My broader point is that it's not really the non-determinism that's an issue. What the other commenter seems to be looking for is something along the lines of repeatable correctness, where correctness is generally a requirement that the model doesn't have full access to. The non-determinism is an implementation detail here.
With a sufficiently complex prompt and a sufficiently complex codebase, LLMs consistently fail and make mistakes, "forget" parts of the prompt, etc.
There's no comparison to be made between this and, for example, a compiler. It's an incompetent comparison.
> I don’t think you’re thinking about this clearly.
My literal job is dealing with layers of abstraction. I'm thinking pretty clearly when I tell you that, not only are LLMs a super leaky, terrible abstraction, they are also not comparable to any other layers of abstraction. All other layers of abstraction we use are well understood, predictable (as you put it), and DEBUGGABLE.
When claude deletes a fix it did two weeks ago, while trying to fix some unrelated error, do you never stop and think "this is not quite the same as what GCC does"?
> With a sufficiently complex prompt and a sufficiently complex codebase ...
With a sufficiently complex specification of a failure mode, you can find problems with anything.
Humans, given sufficiently complex requirements and sufficiently complex codebases, also regularly fail. You're tacitly admitting that LLMs are approaching (if not exceeding) human levels of performance now. We somehow get non-deterministic humans to achieve useful work. In fact, staff provide managers with an abstraction over the work they're responsible for - managers don't know every detail of the systems they're responsible for.
There are effective ways to use LLMs. I recommend using those, not using overly complex prompts, and not letting LLMs freely make changes to large code bases. Just as compilers only compile one source file at a time, LLMs work best if you scope their attention. Same goes for humans, in fact.
> There's no comparison to be made between this and, for example, a compiler.
A simple comparison is that both can generate useful code. You need to be more precise about the issues you're trying to identify.

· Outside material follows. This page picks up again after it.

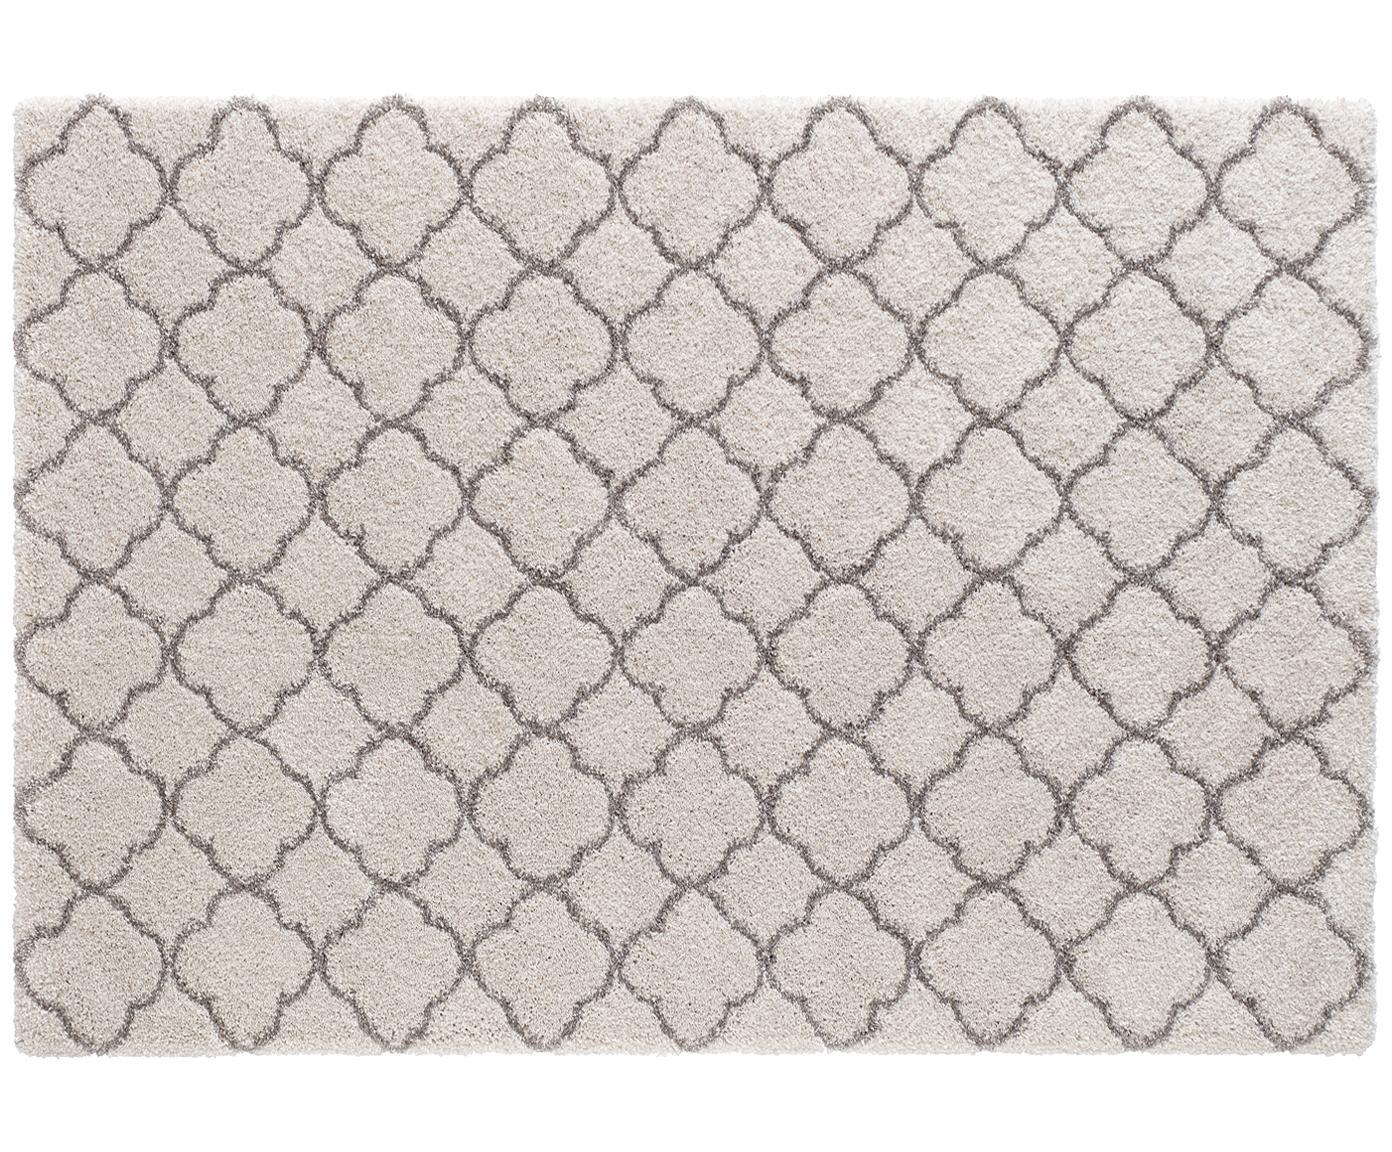 Hochflor-Teppich Grace in Creme/Grau, Flor: 100% Polypropylen, Creme, Grau, B 160 x L 230 cm (Grösse M)

Anyway, the comparison to compilers isn't really the point. It's undeniable that LLMs are an abstraction themselves, and that they can generate new abstractions. Saying that they're "not another abstraction" is just definitionally wrong.
Sure, they're not the same kind of abstraction as a traditional compiler. They require new ways of working, but actually not that new, as the manager example I gave suggests.
> When claude deletes a fix it did two weeks ago, while trying to fix some unrelated error, do you never stop and think "this is not quite the same as what GCC does"?
I never made the mistake of thinking LLMs were the same as GCC in the first place.
And once again, I've seen human developers do exactly what you just described. That's why we review code. All the arguments you're making are essentially also arguments that humans shouldn't be involved in software development either.